Recent genomic- and genetic-based molecular stratification were implemented to better understand the key factors of tumor malignant progression and divided the malignant glioma into four subgroups, including proneural, neural, classical, and mesenchymal phenotypes [6]. The mesenchymal phenotype exhibits a high expression of genes related to invasiveness, migration, and stemness, that leads to a poor clinical outcome [7]. Moreover, the proneural phenotype has a tendency to convert to the mesenchymal phenotype, analogous to the epithelial-mesenchymal transition (EMT) process that occurs in many cancers, which is an important driver of enhanced glioma invasion and malignant progression [8, 9]. But the potential causes of proneural-mesenchymal phenotype transition (PMT) remain unclear.
Mitochondria are highly dynamic organelles, which maintain their structural and functional integrity through two opposing processes known as fission and fusion. Switch between mitochondria-fission and -fusion is essential to maintain cellular physiological activity [10], while dysfunctional mitochondrial dynamics are closely linked to the development and progression of human malignant tumors, including lung, breast, and colon cancers [11,12,13]. Recent studies have shown that GBM also exhibits excessive mitochondrial fission and impaired mitochondrial fusion, which in turn promotes tumor malignancy and therapeutic resistance [14,15,16,17]. However, the mechanisms that trigger mitochondrial fission in GBM are not clear.

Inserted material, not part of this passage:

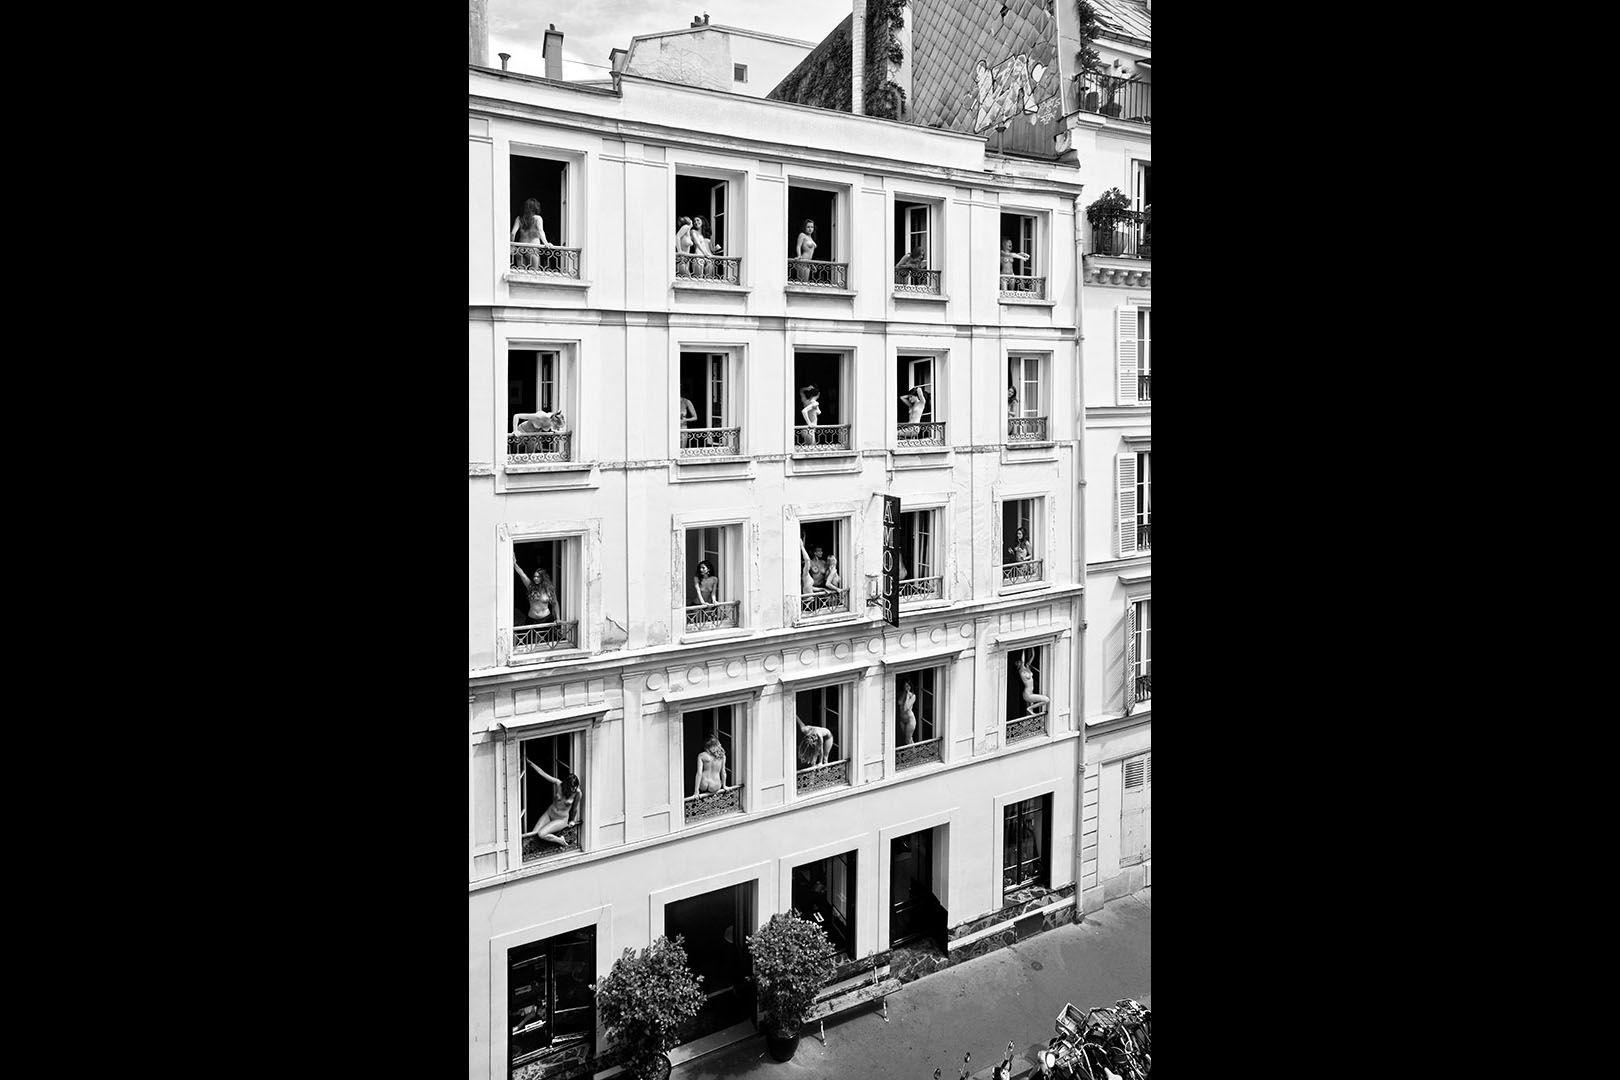 Hotel Amour 1 Paris France Travel Europe

Rab32 belongs to the Ras-like small GTPase superfamily, which regulate membrane dynamics, including membrane fusion/fission, exocytosis, and cytoskeletal trafficking [18, 19]. A recent study showed that Rab32 serves as an oncogene in hepatocellular carcinoma with the potential to promote the growth and invasion of tumor cells, while a higher level of Rab32 was strongly related to the advanced tumor stage and poor survival in patients with hepatocellular carcinoma [20]. However, the role of Rab32 in GBM, as well as its underlying subcellular and molecular mechanisms remain unknown.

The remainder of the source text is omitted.